***** Given data *****
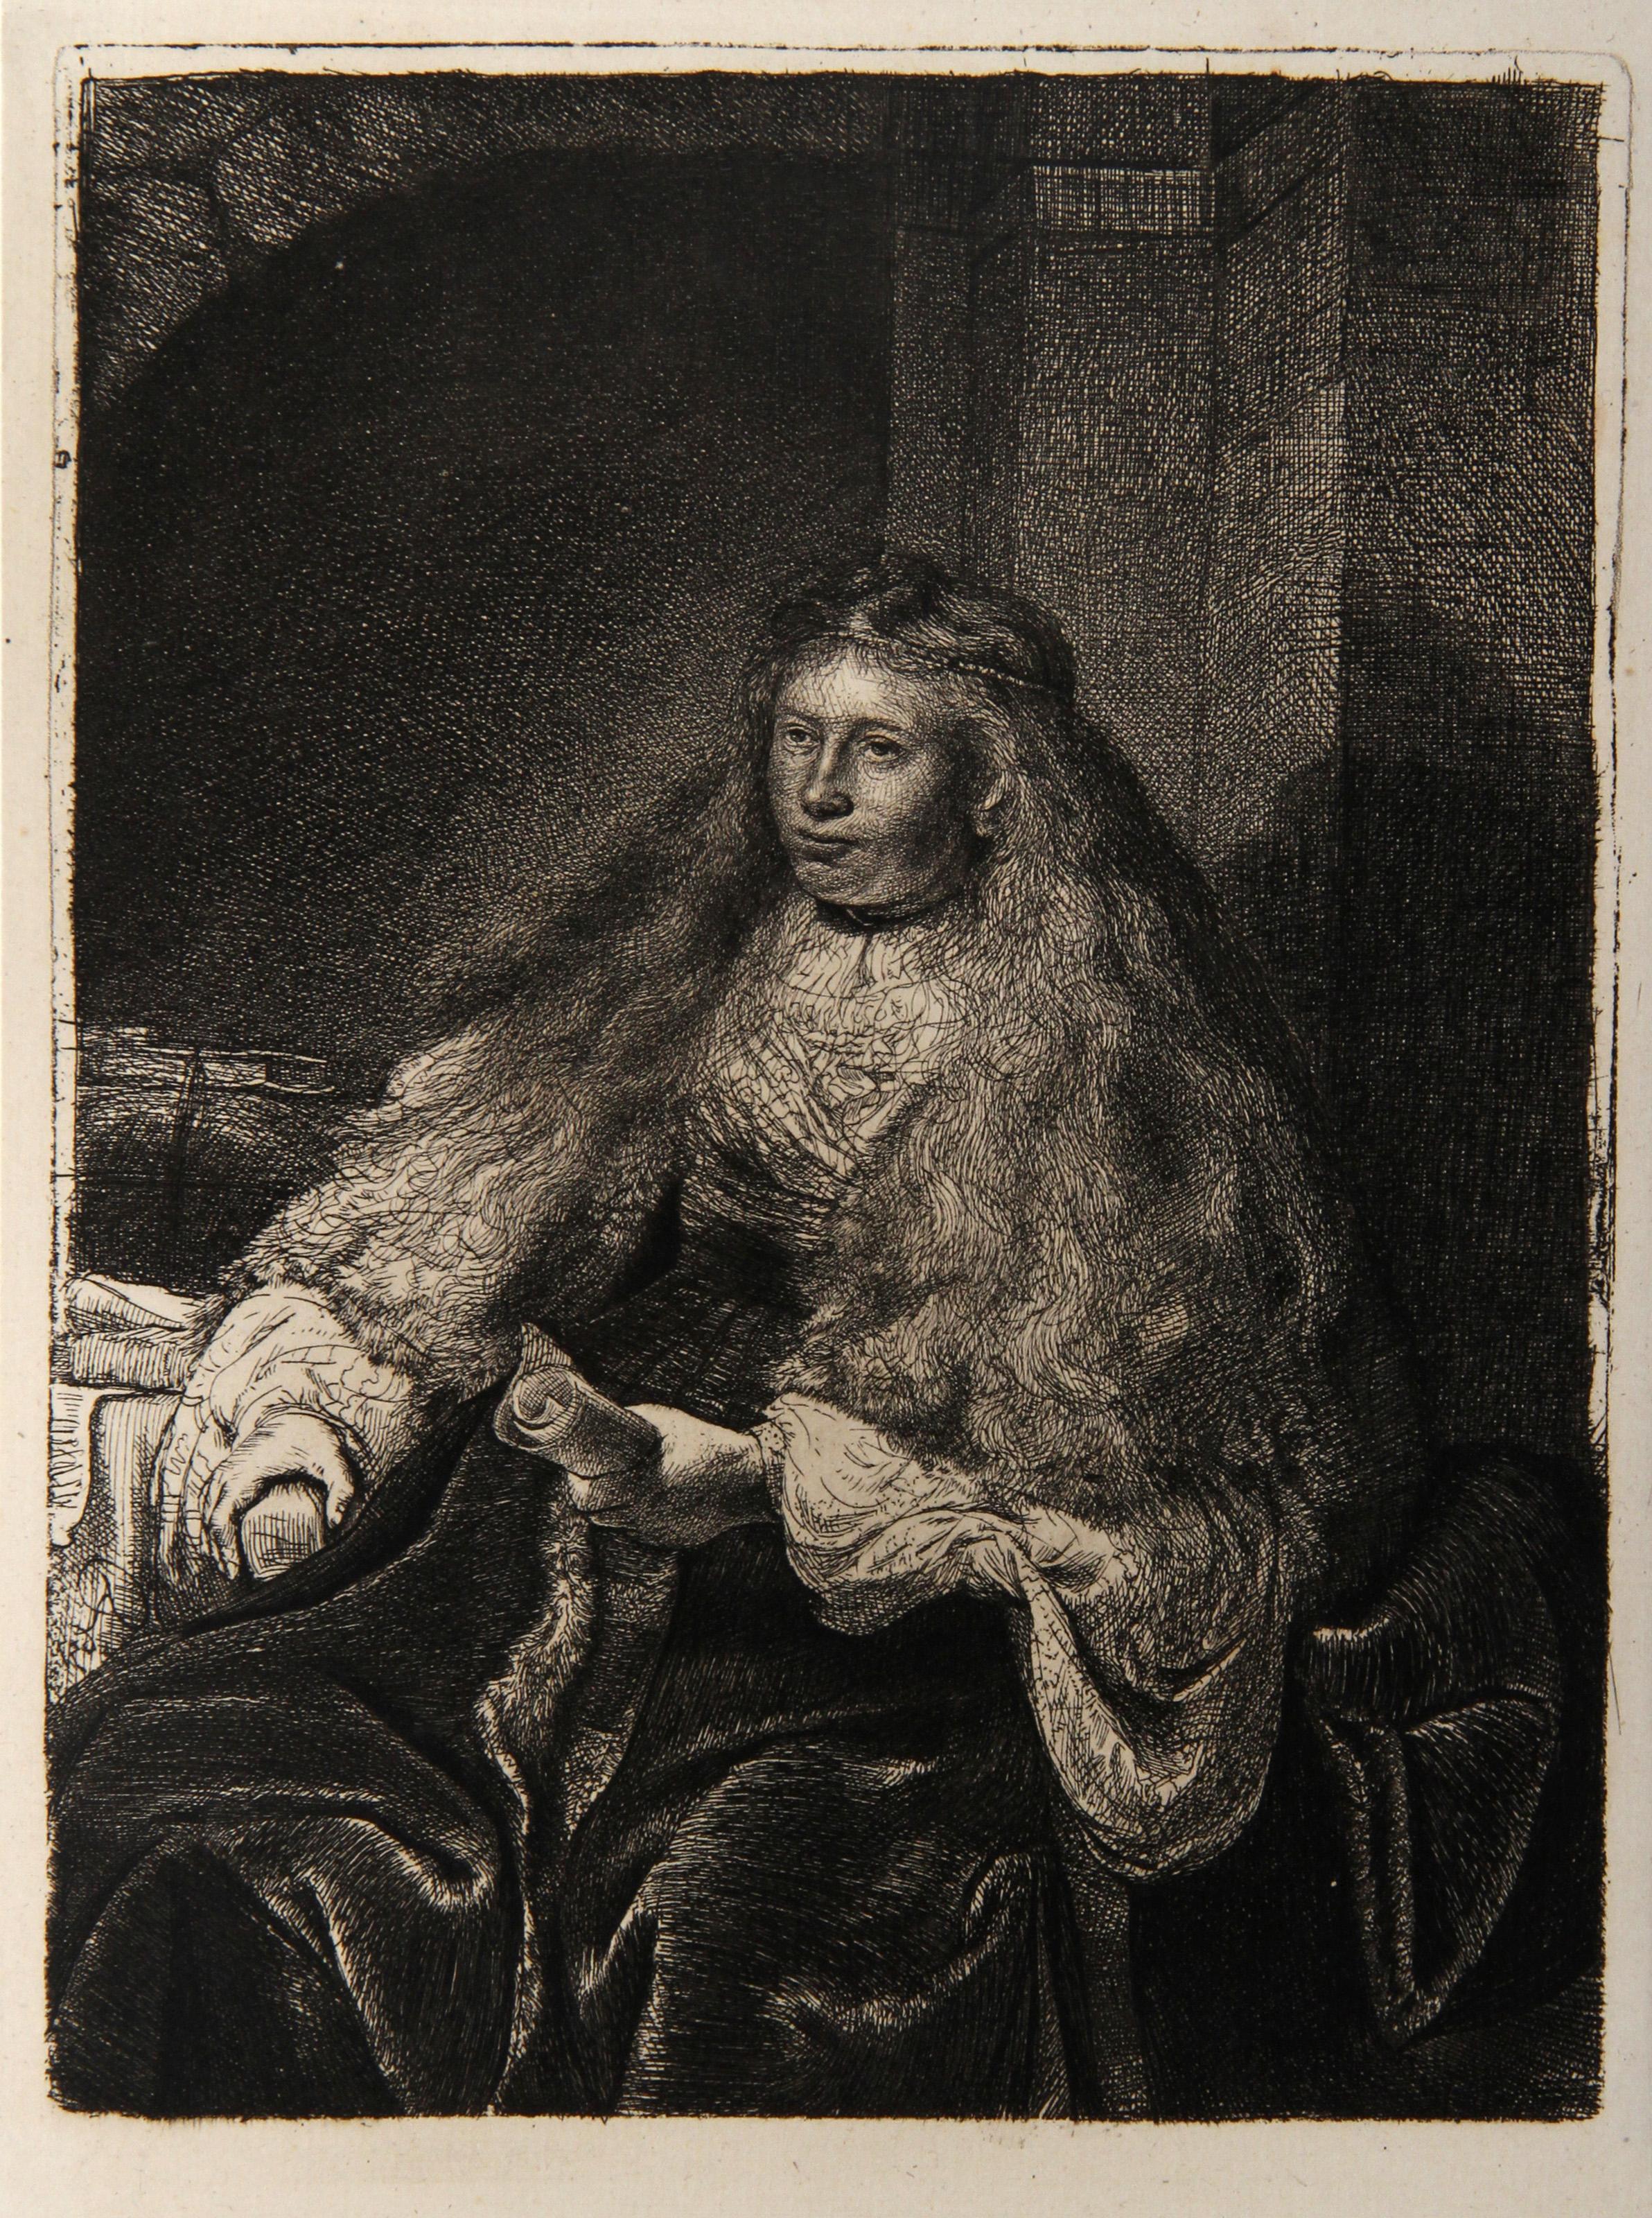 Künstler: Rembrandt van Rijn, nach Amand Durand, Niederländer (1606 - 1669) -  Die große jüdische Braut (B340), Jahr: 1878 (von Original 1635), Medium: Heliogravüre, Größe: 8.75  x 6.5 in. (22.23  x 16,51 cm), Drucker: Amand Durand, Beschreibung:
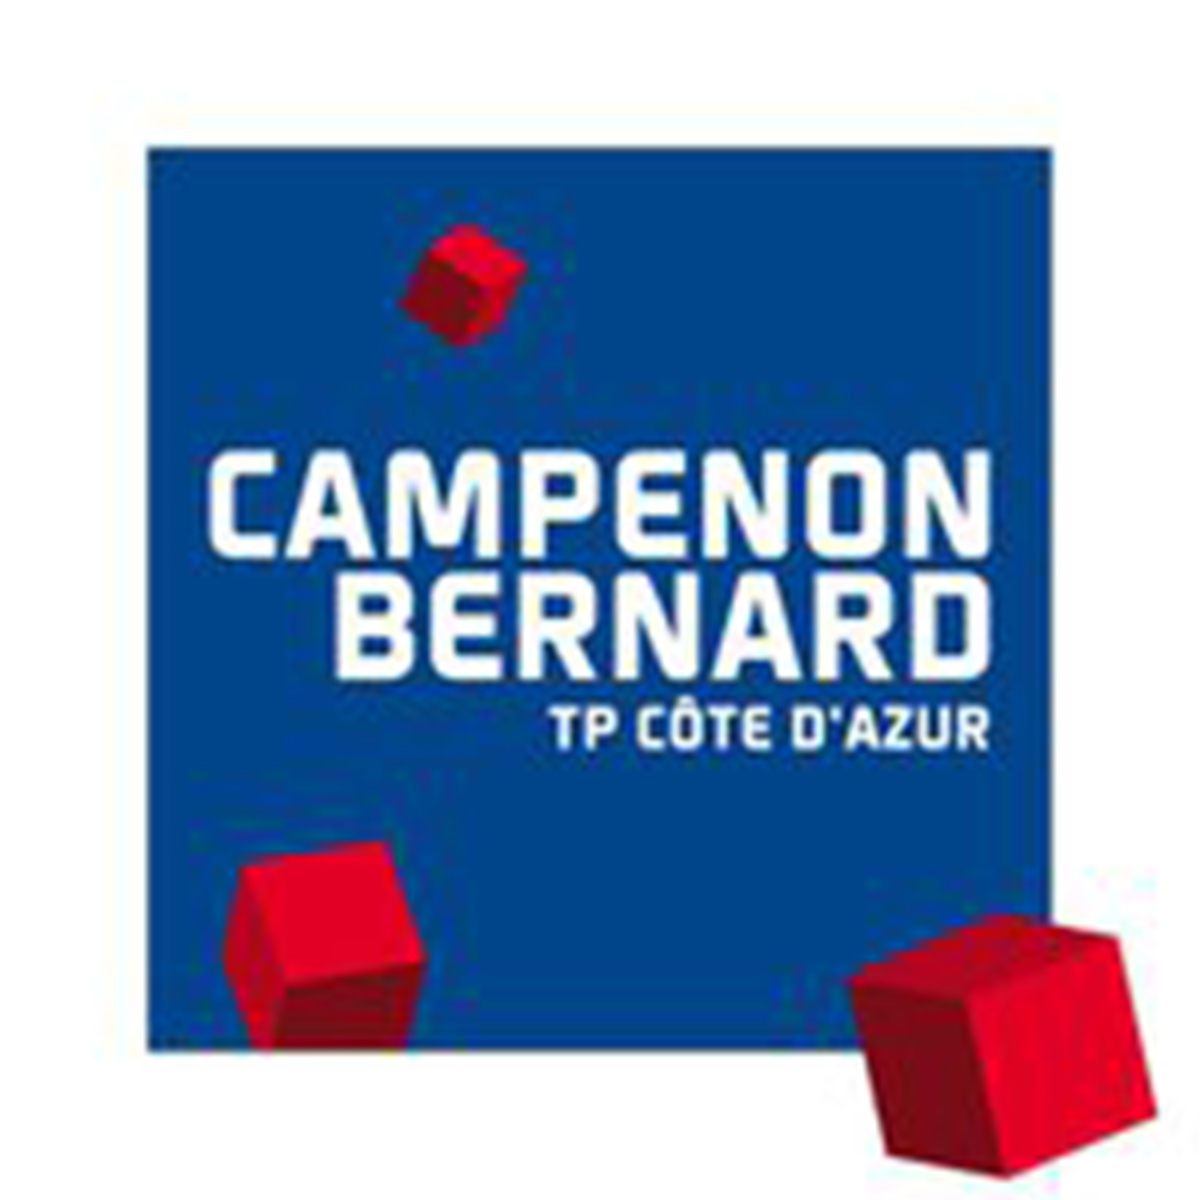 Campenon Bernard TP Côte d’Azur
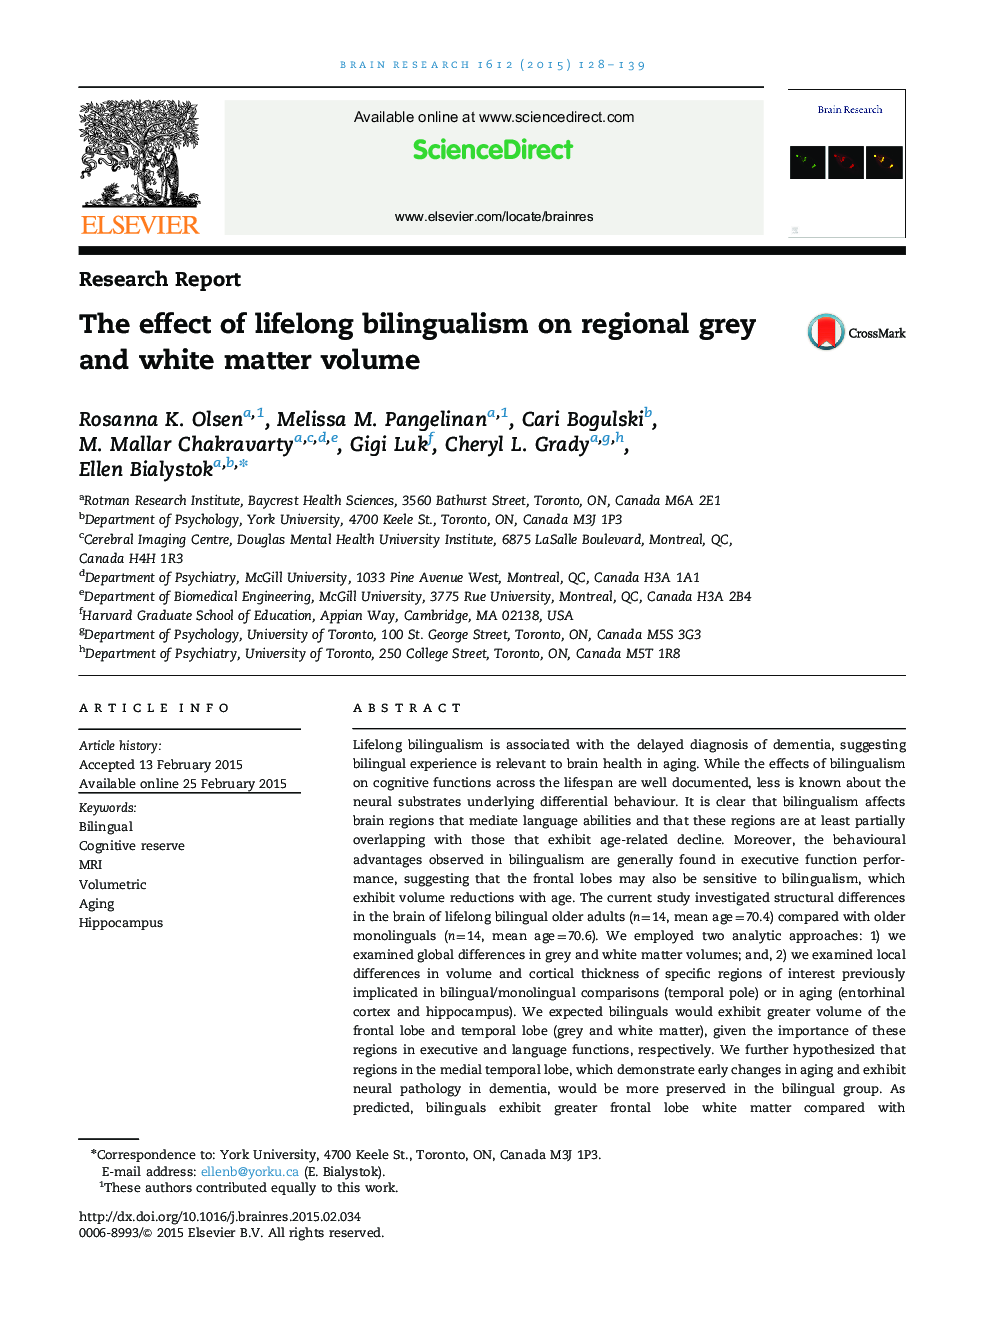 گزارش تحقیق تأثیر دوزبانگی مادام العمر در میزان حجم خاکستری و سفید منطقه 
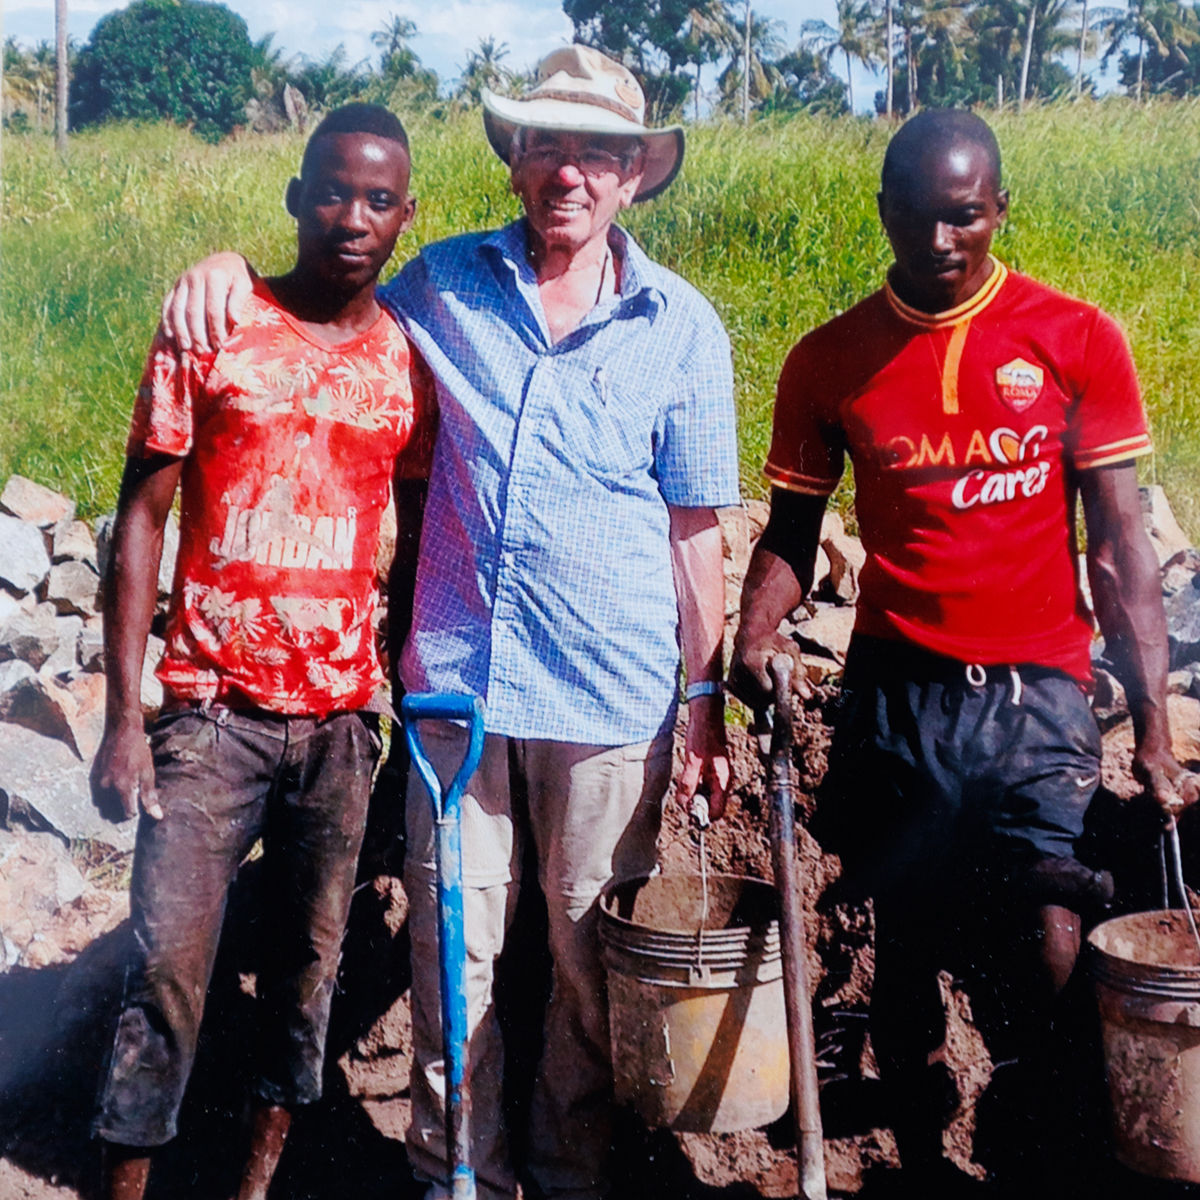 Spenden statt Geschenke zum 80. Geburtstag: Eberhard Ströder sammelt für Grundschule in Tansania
*****
What needs to be done: Transcribe the lines that run from the line bearing "Campenon Bernard TP Côte d’Azur" through the last line of the data. Keep the wording exact and leave out every picture.

Solved problem:
 Campenon Bernard TP Côte d’Azur
 گزارش تحقیق تأثیر دوزبانگی مادام العمر در میزان حجم خاکستری و سفید منطقه 
 Spenden statt Geschenke zum 80. Geburtstag: Eberhard Ströder sammelt für Grundschule in Tansania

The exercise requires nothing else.